Seçim sonrası gidecek gelecek olanlar konuşulurken Sağlık Bakanlığı da değişimin en çok konuşulduğu bakanlık. Böyle olması da çok normal. Ekonomi, güvenlik ve sağlık tüm herkesi ilgilendiren konu.
Hal böyle olunca sağlıktaki aksamlar insanların gözüne daha çok batıyor. Buradan defalarca Sağlık Bakanlığına ayrılan kaynağın heba edilişini, personelin mutsuzluğunu ve personelin mutsuzluğunun hasta ve hasta yakınlarına yansıdıgını dile getirdik.
Ama duyulmak istemedik. Hatta bazı kurumlarda sitemizin sayfasına girişler engellendi. Personelin sesi olmaktan, hasta ve hasta yakınlarının kaliteli hizmet almasından ve kamunun kaynaklarının israf edilmesinin önüne geçilmesinden başka bir amacımız olmadı.
Ama duyulmadık. Duyulmak istenmedik.
Kamu kaynaklarının israfının önlenmesi ve bürokrasinin azalması amacı ile oluşturulan SÖZLEŞMELİ YÖNETİCİLİK sistemi çalışanların küstürüldüğü, bürokrasinin uzadığı birilerinin kollandığı bir sistem halini aldı. Alanındaki bir yada iki doktordan biri sözleşmeli yönetici yapıldı, hastalar sevk edildi, iş yükü aratan doktor küstü, MHRS'den sıra bulunamadı hastalar küstü. Aynı durum alanındaki sınırlı sayıda ataması olan tekniker ve teknisyenler için de geçerli oldu.

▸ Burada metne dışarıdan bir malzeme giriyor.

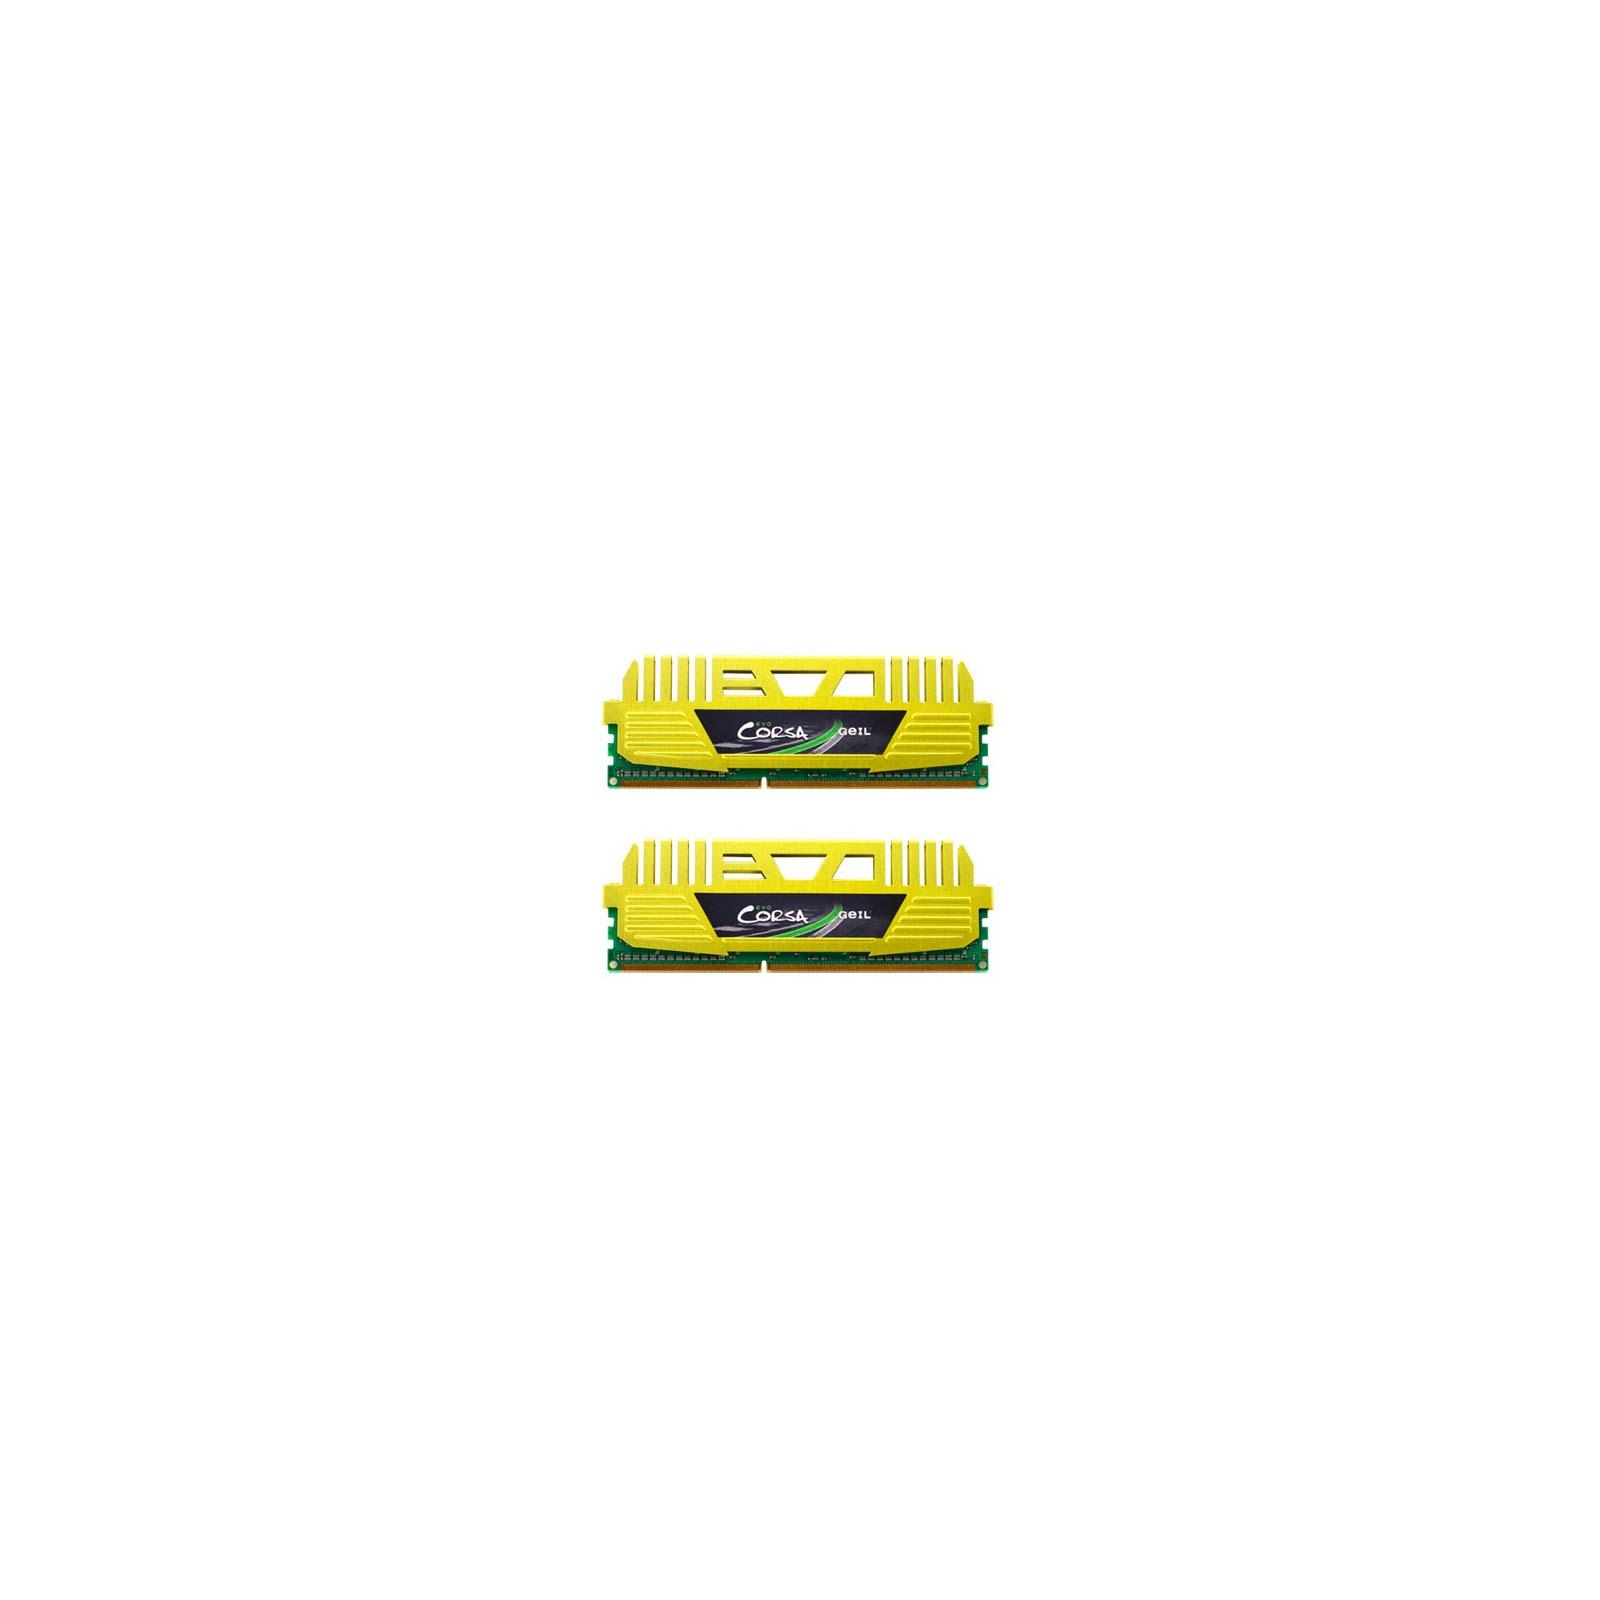 Модуль памяти для компьютера DDR3 4GB (2x2GB) 1866 MHz GEIL (GOC34GB1866C10DC)

Sağlığı yönetmeye sağlığın içinde yer almamış kamu personeli olmayan, sağlık personeli olmayan kişiler atandı. Ya da daha mesleğe yeni atanmışlar, bir kurumun kapısından hiç girmemiş, tarnsfer sözleşmeli yöneticiler atandı. Sözleşmleri bitince aldılar ve başını gittiler. Onlar için sistem kurmak önemli olmadı. Odalarına gelen çay ile, referans ile hastalar ve personel muayene olabilmek için beklerken hekimlerin yanında sekreter yokken hastanenin sekreterleri ile muayene yaptırmak oldu önemli olan.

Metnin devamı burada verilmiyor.